The use of third party tools such as Google’s Pinpoint, Cloud Document AI and Gemini, and OpenAI’s ChatGPT, raises issues around independence and power, and — where editorial information is fed into such tools — information security, copyright, privacy and data protection. Many organisations’ guidelines, for example, prohibit “entering confidential information, trade secrets, or personal data into AI tools.”

In some cases manual methods of classification may be quicker than an automated approach: most of the spy planes identified in Peter Aldhous’s story for BuzzFeed, for example, could have been identified through data analysis while one analysis of investigative journalism projects concludes that “many document sets in journalism are simply too small to benefit from AI methods”.

Alternative, quicker, approaches to machine learning listed by the New York Times’s Rachel Shorey include: “making a collection of text easily searchable; asking a subject area expert what they actually care about and building a simple filter or keyword alert; [and] using standard statistical sampling techniques.”

In some projects, however, the time and cost of development might be amortized over multiple stories, such as the Norwegian factchecking outlet Faktisk Verifiserbar, who worked with AI researchers to develop a language identification tool and a tank identification tool.

Accuracy: training models and human oversight

The quality and quantity of data used to train AI models has a direct impact on the quality of the results obtained — a principle summed up in the mantra ‘Garbage In Garbage Out’ (GIGO). This includes the classification of training data: in the Pulitzer-winning investigation “Missing in Chicago” a machine learning tool called Judy was used to classify police misconduct records in the city, helping to identify 54 allegations related to missing persons in just four years. But crucially, the training data for the tool was created by 200 volunteer workers from the community, who manually labelled the records.

“Even if they didn’t come in with the language to describe a machine learning algorithm, they had lived experience that an outsourced data labeler could not,” data director Trina Reynolds-Tyler said of the project, recommending that machine learning projects “understand the value of embedding in the community they are reporting on, and grounding their data work in real places and real people.”

100% accuracy is rarely achieved in a model — indeed, an extremely high accuracy can be a sign of ‘overfitting’, whereby a model fits its training data too closely and so performs poorly when tested on other data. An ‘overfit’ model has often become too complex, perhaps because it has been overtrained and/or because irrelevant ‘noise’ in the data is shaping the algorithm.

An ‘underfit’ model, in contrast, performs poorly on both training data and testing data, often as a result of a simple model based on too little data and/or too little training. A successful algorithm will be neither.

Feature engineering will also need to be adjusted to shape the accuracy of any machine learning model: this involves choosing, or extracting, the facets of the data that the model will use.

Some features may have to be extracted from existing data, such as converting or splitting text data into categorical data, or using two figures from the data to calculate a new third measure.
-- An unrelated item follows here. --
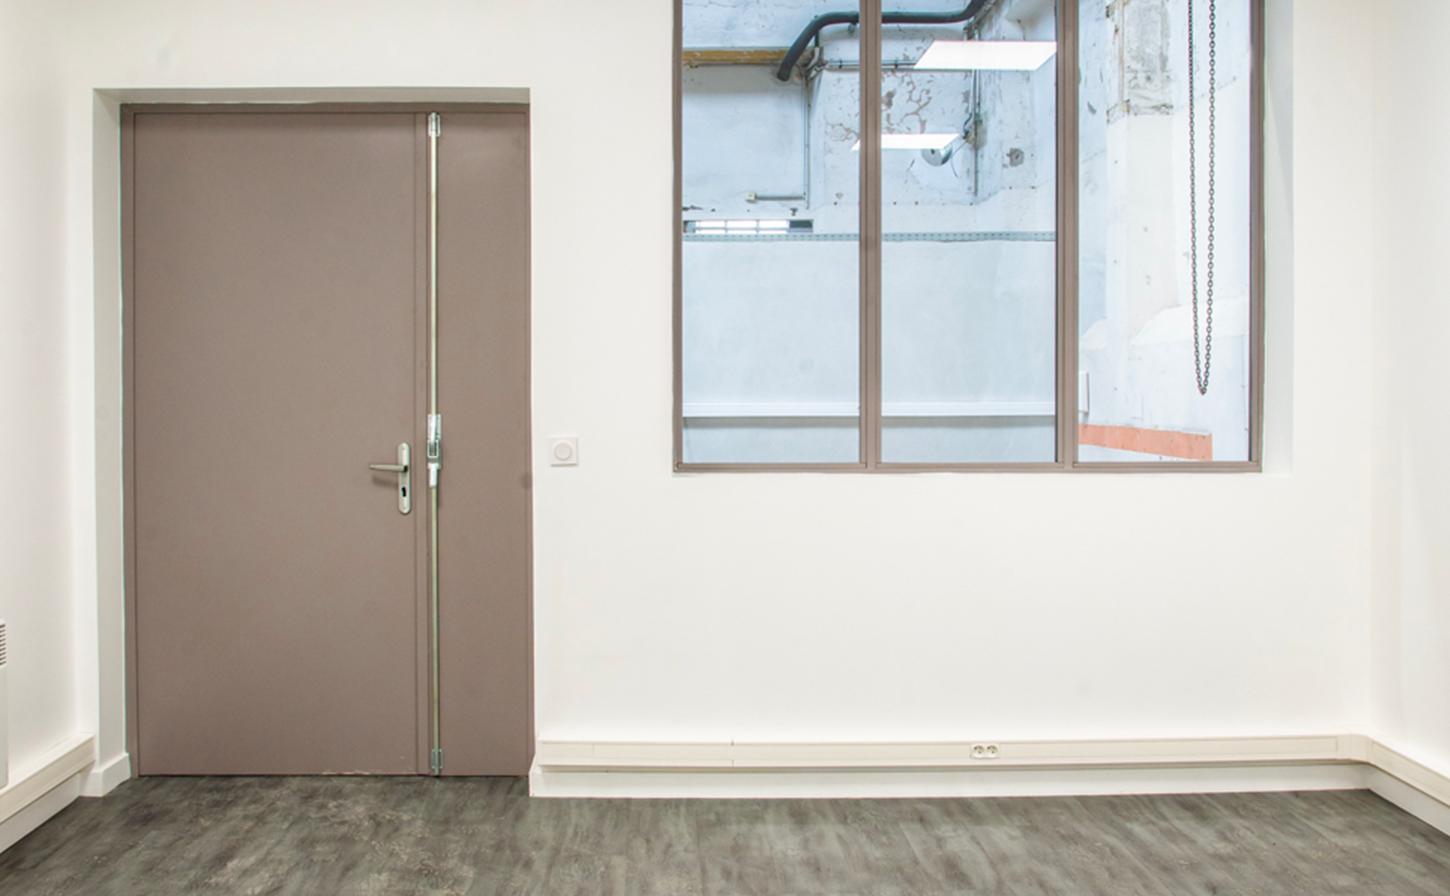 Bel Air Industrie | Atelier ouvert/fermé de 43m² à 180m² à Bel Air Camp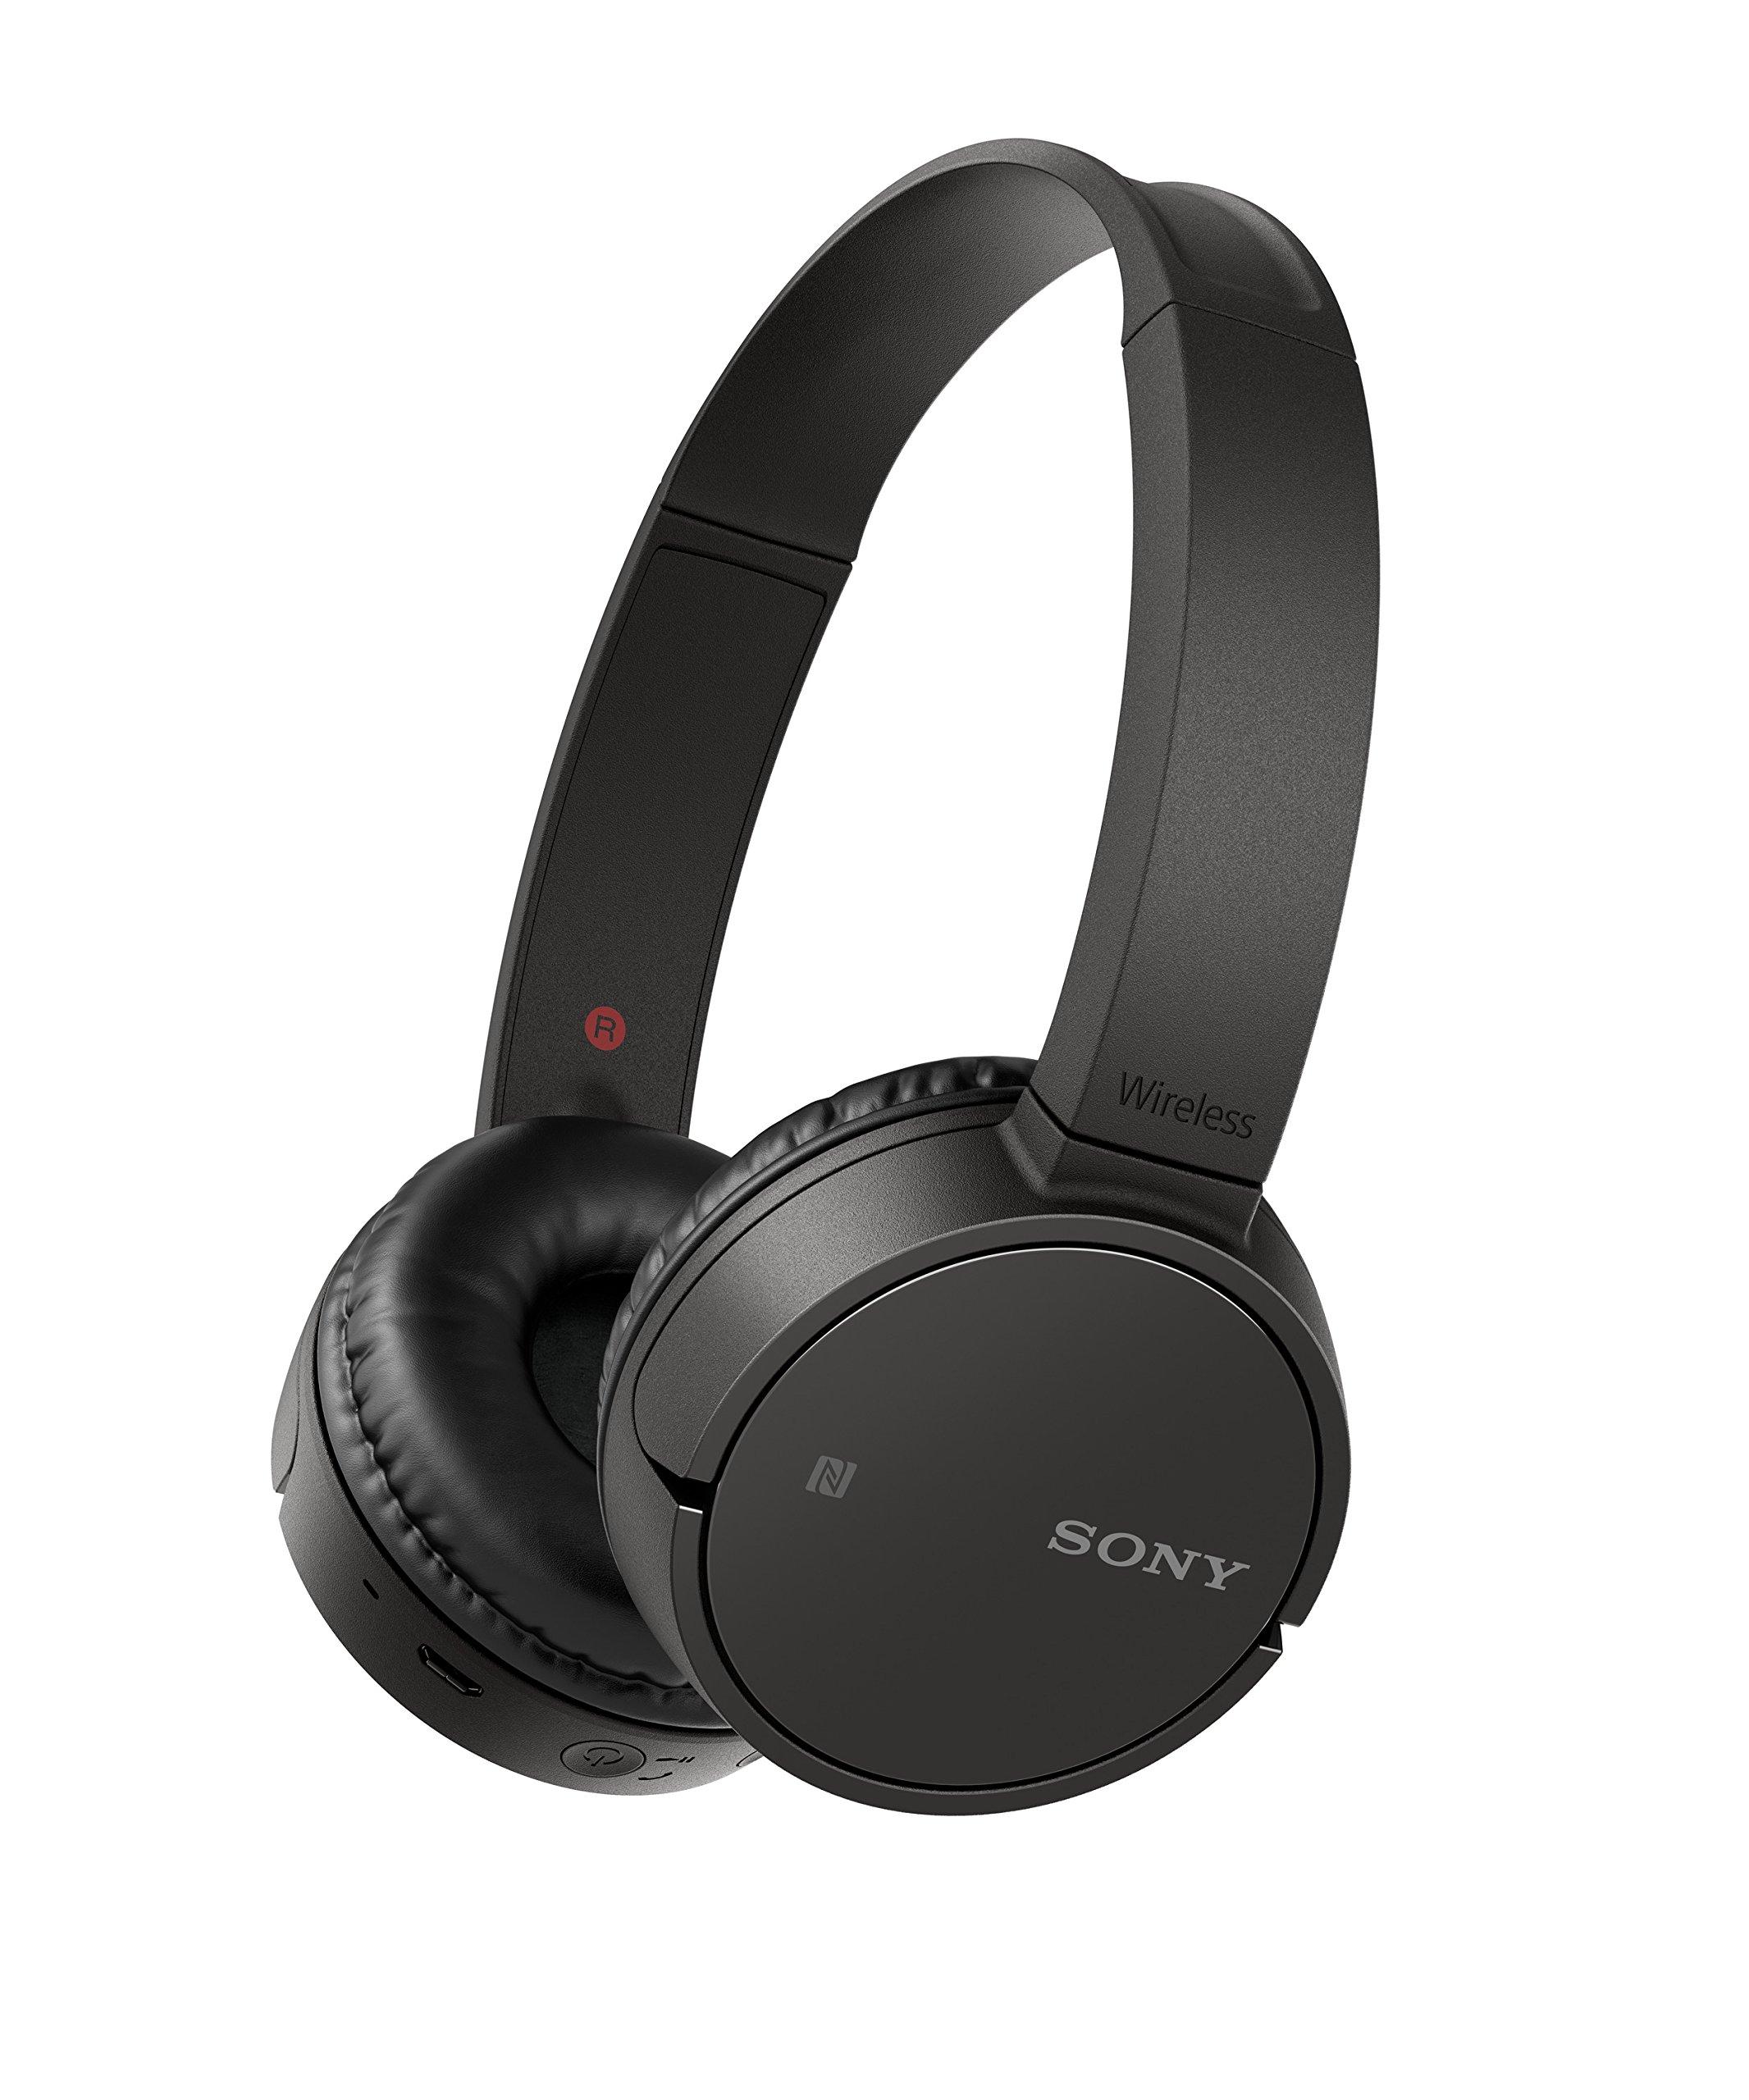 ソニーソニーWH-CH500ワイヤレスBluetooth NFC Bluetoothヘッドセット、20時間のバッテリー寿命 - ブラック

Specialist knowledge of the field can be key to choosing the most relevant features (as demonstrated by ProPublica’s modelling of Ebola outbreaks).

As a result of these issues human oversight is key in accurate use of AI, and a recurring theme both in news organisations’ guidelines on the use of AI, and in concerns expressed by journalists.

Peter Aldhous’s experience with using the technology to identify spy planes reinforces this:

“Its classifications need to be ground-truthed. I saw [the model] as a quick screen for interesting planes, which then required extensive reporting with public records and interviews.”

For those models used over a longer timescale, or those involving predictions, oversight takes on an extra dimension: when the Atlanta Journal-Constitution created a model in 2015 to forecast whether bills would pass the Georgia legislature, for example, the performance of the model was regularly reviewed in public.

Such transparency and accountability is encouraged in many guidelines, both as a further protection against errors and as a means of maintaining trust. But this is problematic: “Algorithms challenge this goal,” guidance from the Catalan Press Council notes, “because of the opacity involved in the way they make automated decisions.”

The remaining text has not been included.